Complex tools with many parameters or behaviors need more documentation. Simple tools need less. This dimension scales expectations accordingly.

Parameters3/5

Does the description clarify parameter syntax, constraints, interactions, or defaults beyond what the schema provides?

Schema coverage is 100% with detailed parameter descriptions; the description does not add new parameter-level insights but adequately implies standard list functionality.

Input schemas describe structure but not intent. Descriptions should explain non-obvious parameter relationships and valid value ranges.

Purpose5/5

Does the description clearly state what the tool does and how it differs from similar tools?

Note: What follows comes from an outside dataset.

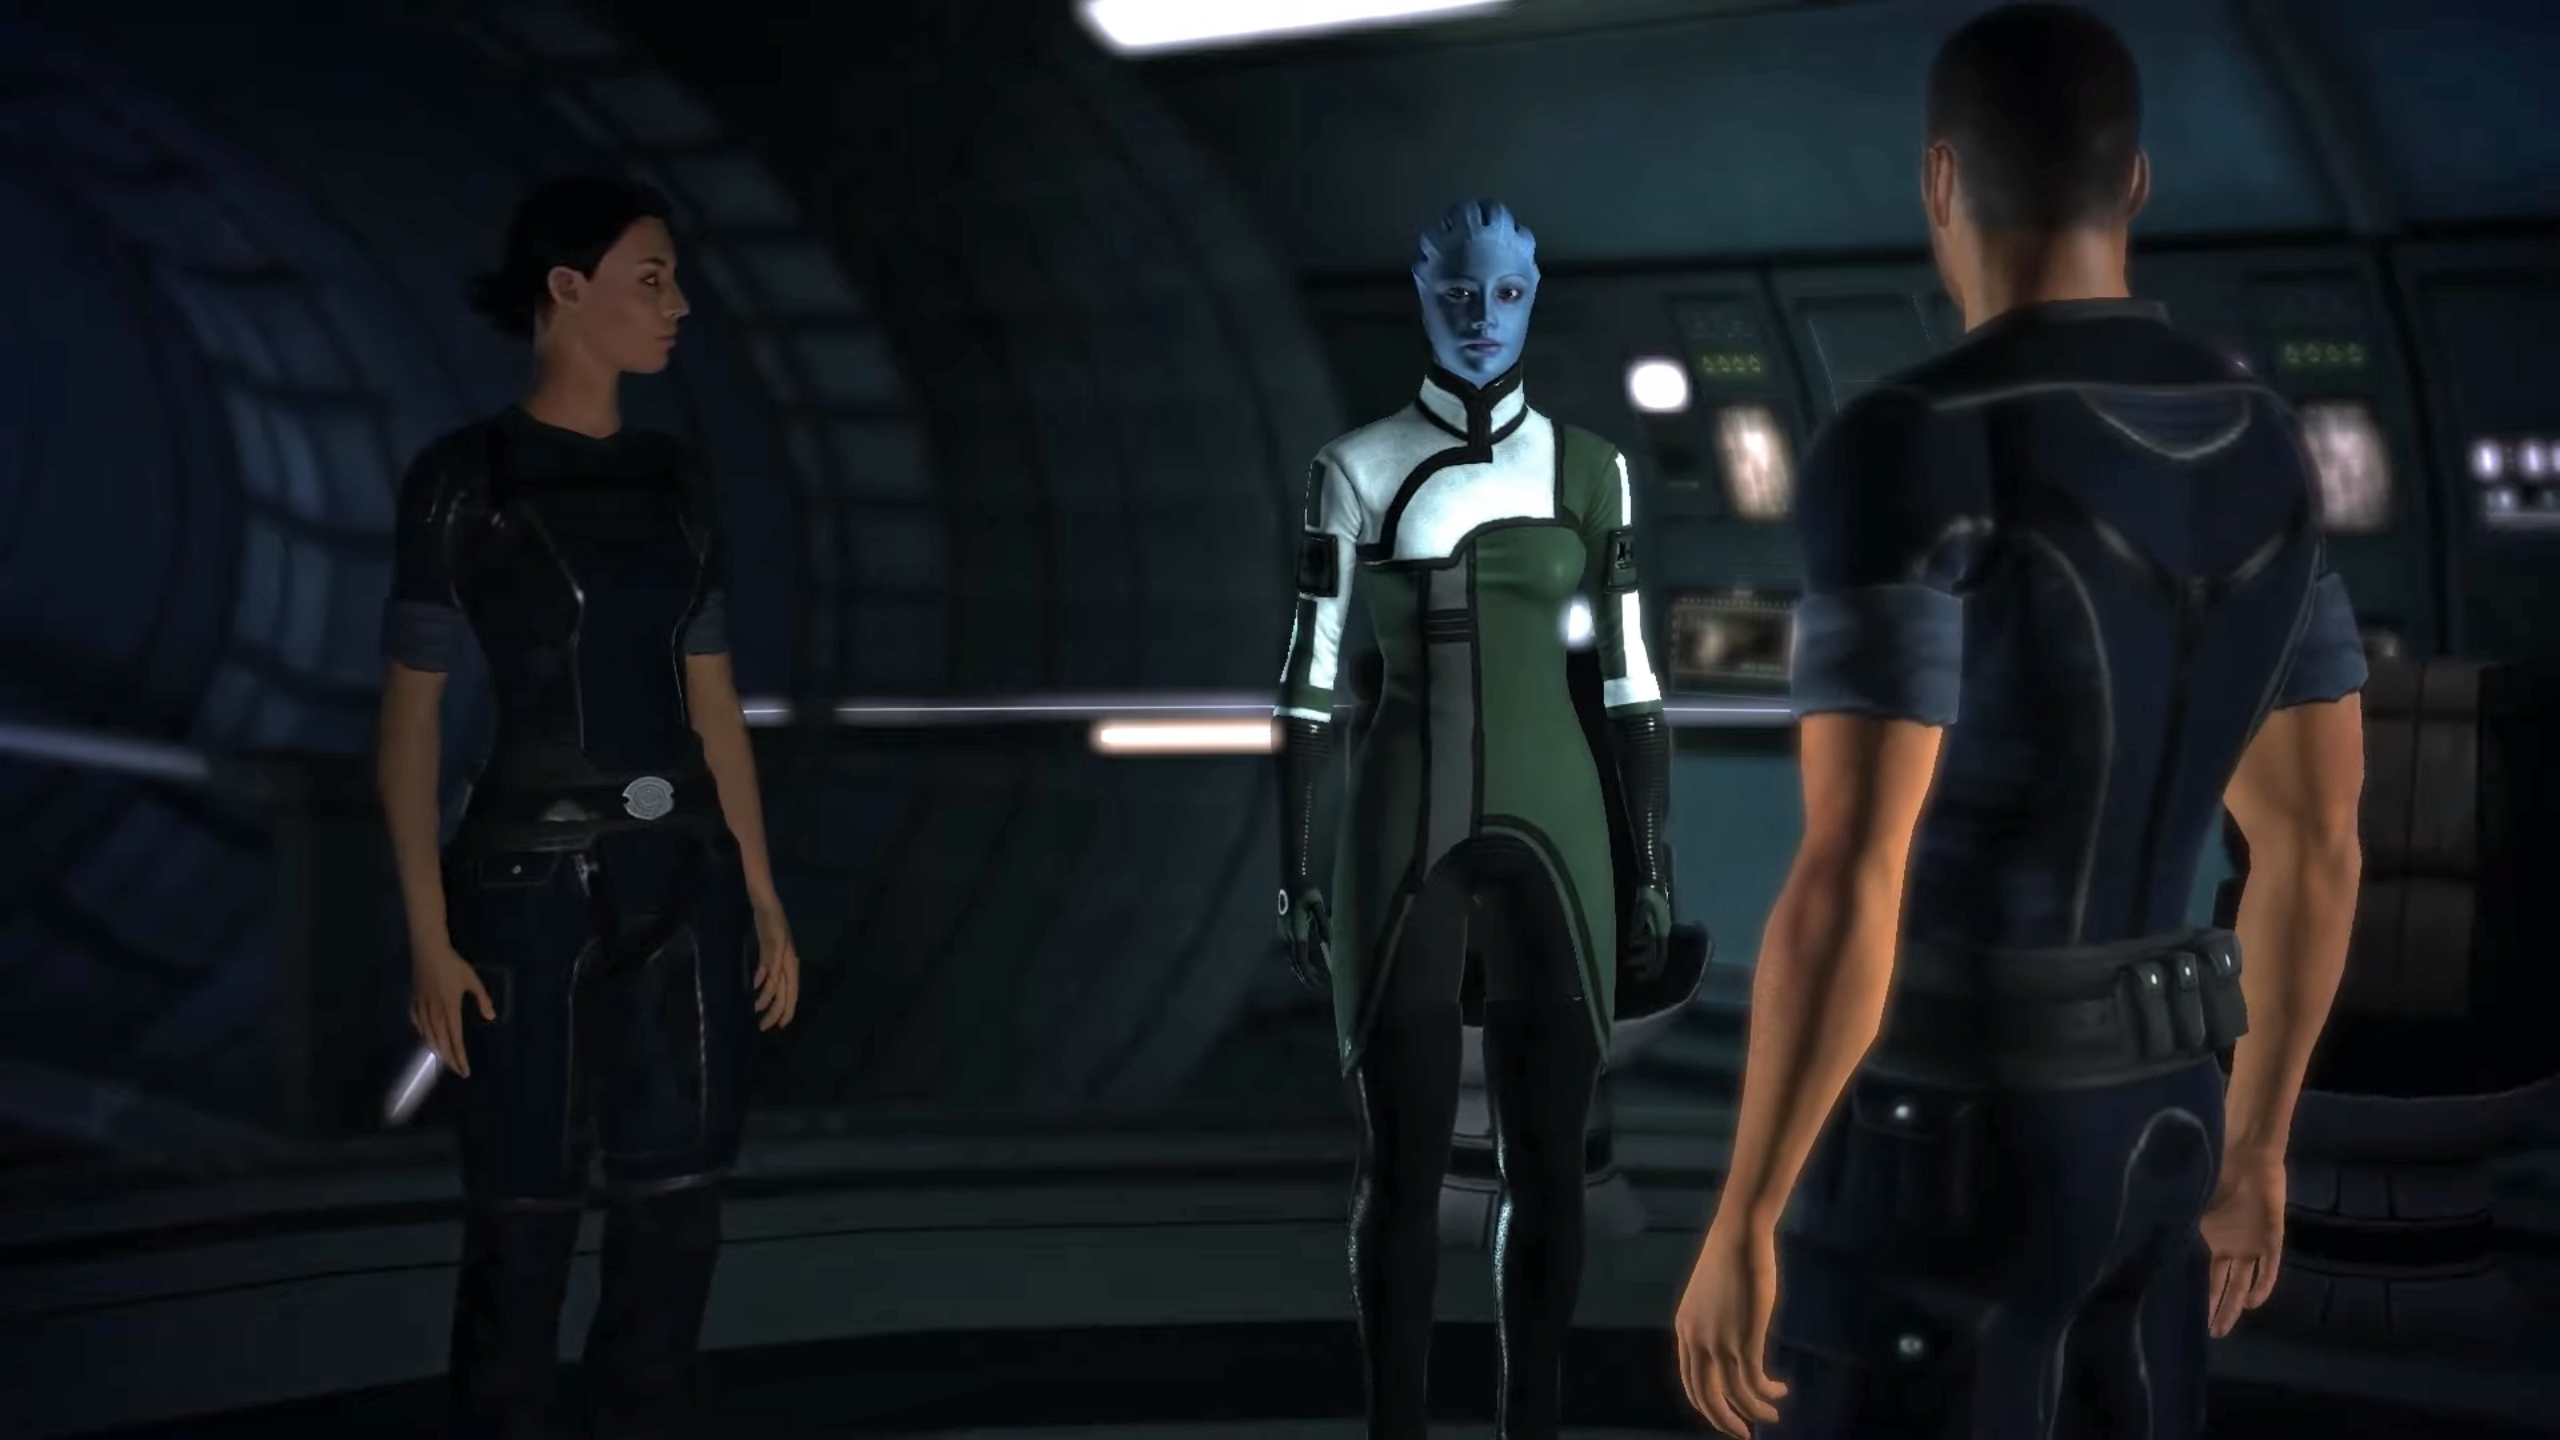 Ashley Williams (left) and Liara T'Soni (right) confront Commander Shepard after he expresses romantic interest in both of them, forcing him to pick who he truly feels affection for. (Screenshot: Bioware/EA)

The description clearly states the tool lists permissions for the user's primary calendar, specifies the returned fields and roles, and distinguishes from siblings like create-my-calendar-permission and delete-my-calendar-permission.

Agents choose between tools based on descriptions. A clear purpose with a specific verb and resource helps agents select the right tool.

Usage Guidelines5/5

Does the description explain when to use this tool, when not to, or what alternatives exist?

Provides explicit guidance: when to use (view share recipients/delegates on primary calendar), behavior for delegates (returns empty), and alternative for non-primary calendars (not currently exposed).

Agents often have multiple tools that could apply. Explicit usage guidance like "use X instead of Y when Z" prevents misuse.